How  does D1 help individual researchers deposit data?  ask.dataone.org -  how do I put my data into D1?  response: MNs open to anyone (i.e.  ONEShare), MNs open to anyone with qualifications, MNs that are project  specific (i.e. PISCO and others)

Q:  challenge to create metadata for data - perhaps a template would be  useful, esp. to researchers so they'd have something to start from.  
A: metadata tools to help relatively inexperienced users get started - see Morpho for one.
These  are kind of community data standards/conventions (i.e. use meters vs  centimeters, etc.)  Perhaps D1 can help with pointers to these community  standards (i.e. see Kepler for data flow)

Q: there are no standards - what if, say, units were changed prior to upload
A: 

could leverage some existing tools (i.e. DMPtool) web-based tool for developing a data management plan tool; Smithsonian wants to use DMP version 2 internally

Q: do we see MNs of a like type use like metadata standards?
A: yes

Karl (EDAC) is multi domain, so they see many metadata standards.  What are some common denominators across domains?  

***************************************************************************

Session 4 1440 - 1600

Matt: discussing overview/processes/barriers to implementing MNs

MNs are authoritative, curate data holdings, log/report access to objects, control access to data/metadata, replicate holdings for other MNs, deploy a DataONE-compatible software system

Design goals: embrace hetergeneity via data packaging, preservation, high availability, reproducibility, immutability and versioning, logging

persistent identifiers: uniquely identify data or metadata objects
some examples of identifiers: doi, ark, uuid, lsid, html, etc...

Data Packaging - see architecture documentation
MUST produce a resource map (OAI-ORE RDF) (with system metadata)
data and the science metadata also have system metadata

support many metadata formats, including EML, BDP, ISO 19115, Dublin Core, Darwin Core, METS

See flowchart: Road Map to a Member Node

Phase 1 - Plan
    determine which tier
        tier 1 - public content
        tier 2 - access control 
        tier 3 - write services 
        tier 4 - act as a replication target

Phase 2 - Develop
    wrap your own - implement tier 1 MN APIs however you like or implement tiers 2-4 as you need  - very time consuming
    use existing repository software
        metacat (tier 4)
        generic member node (tier 4) 
        dryad (tier 1)
        mercury (tier 1)
        merritt (tier 1)
        ... more to come
        
Phase 3 - Deploy
    2 phases of testing
        staging - series of automated and content tests, iterative process
        issues to consider: hardware, infrastructure, maintenance, administration, etc.
    
Phase 4 - Operate
    announce
    ongoing operations
    participate in MN forums

Typical barriers
    during development - establish secure SSL environment, and providing package ORE maps
    design issues - immutability & versioning, logging (required at tier 1 (and up))
    
Explain logging issue: in order to become a MN, required to log all downloads of data/metadata.  The CNs provide an aggregated log, since a single MN may not have accurate usage stats (due to multiple copies of a dataset)

Q: are there infrastructure requirements, for an institution, for example
A: run a server publicly visible on the internet, organizationally support operating as a MN, for a significant period of time.

Q: as a prospective MN, we don't usually provide our users.

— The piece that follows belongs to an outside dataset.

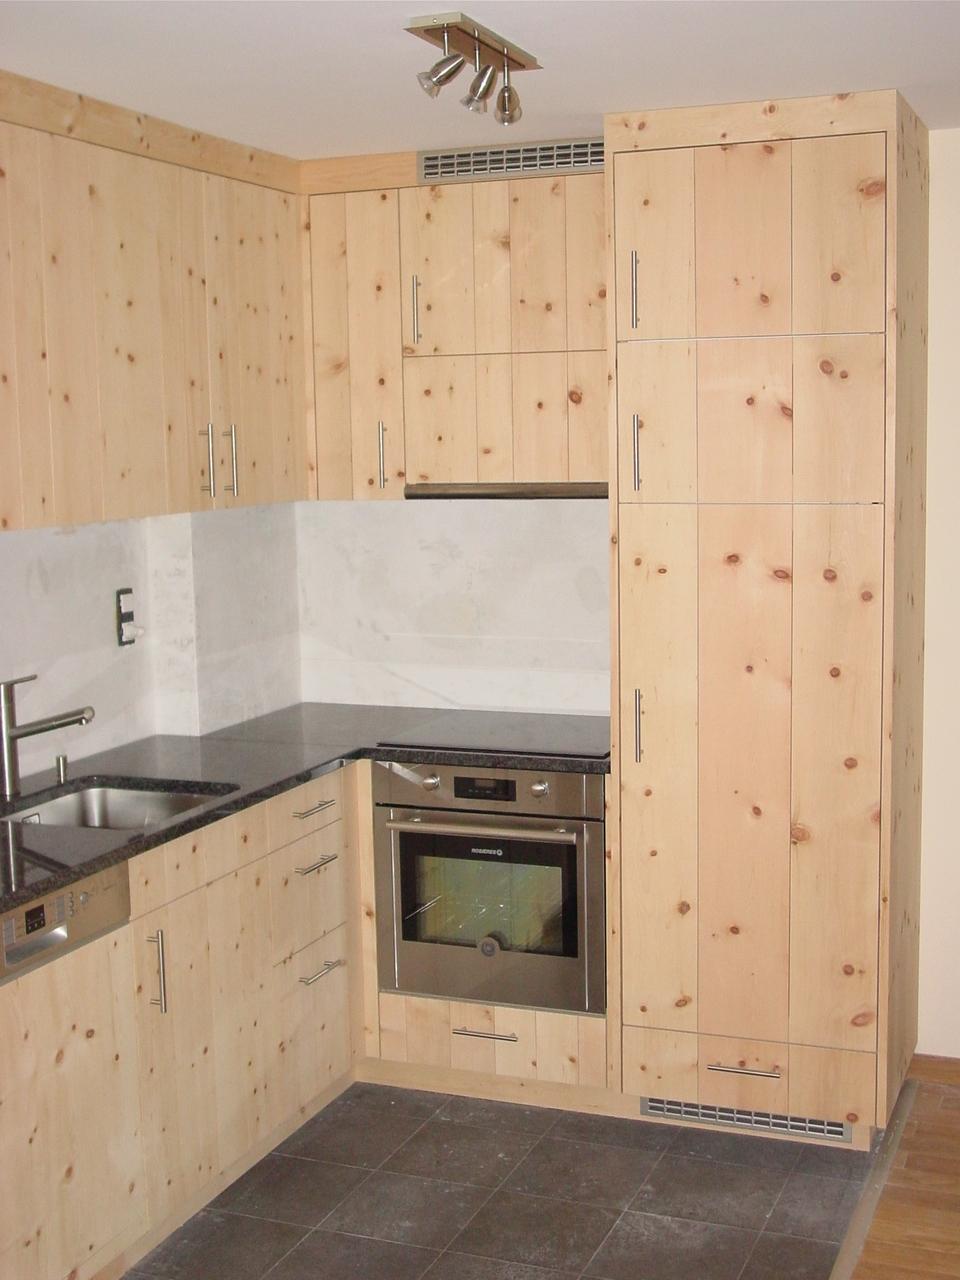 Full Size of Massivholzküchen Henche Massivholzküche Annex Massivholz Küche Modernisieren Massivholzküche Ebay Küche Massivholzküche

Everyone gets a customized view of their data.  (This is Tracy from MPC)
A: some repositories can combine data and provide data subsetting tools to simplify the data access; difficulty with reproducibility with custom data delivery (i.e. very complex subsetting), investigating options to ensure reproducibility
considering suppoting registration of advanced services that might provide subsetting service.

Possible solution: set up a metadata front-end with a few fixed data sets and then a link pointing to active subsetting for our archive.

Planning to do the MN as the enitre MPC. We provide identifiers for each extract that a person creates.

We archive the census.
We capture a dataset and a query and that would reproducibly define the customized-data set.

Q: Would it solve the problem if it was "append-only".

(to ask Tracy later - do they have a date/time stamp on your records)

Laura: Documentation and Communications

Communications channels
    MNF
    IRC
    Redmine

ask.dataone.org

I asked a question on ask. It got answered, but the answer was wrong.

Questions on Documentation: What would have helped you?

- Put all the communication channels on the ext web page.

-  A narea that provides guidance and commentary on which technology stacks to use. Tradeoffs on advantages and disadvantage

- Need a link to the flowchart from the web-site

- have a kit or pre-populated presentation on how to communicate issues and progress to your institution.

- The Roadmap is useful. SEAD used checkmarks to show progress.

What else in the packet?
A: Definitions of various components

It would be nice to have a primer.

From a library perspective: I often used terminology that makes sense to me although it may not make snese to folks in other fields/disciplines.

Searchable system of member nodes. How to find member-nodes that are most like me.
similar in what ways?
    content
    SW implementation
    
Provide a template to help frame the discussion.

-Identify the types of repositories and how they address the stumbling blocks might help categorize MNs 

Q: New questions needed for ask.dataone.org
<offline>

Detailed questions

link to development test services

interpretation of tests in test services

proper link to understand requirements

Examples would have helped

also work with science end-users

Soren: We have comleted an implementation that passes integration tests, but our packaging did not maximize the value of the data for ITK tools.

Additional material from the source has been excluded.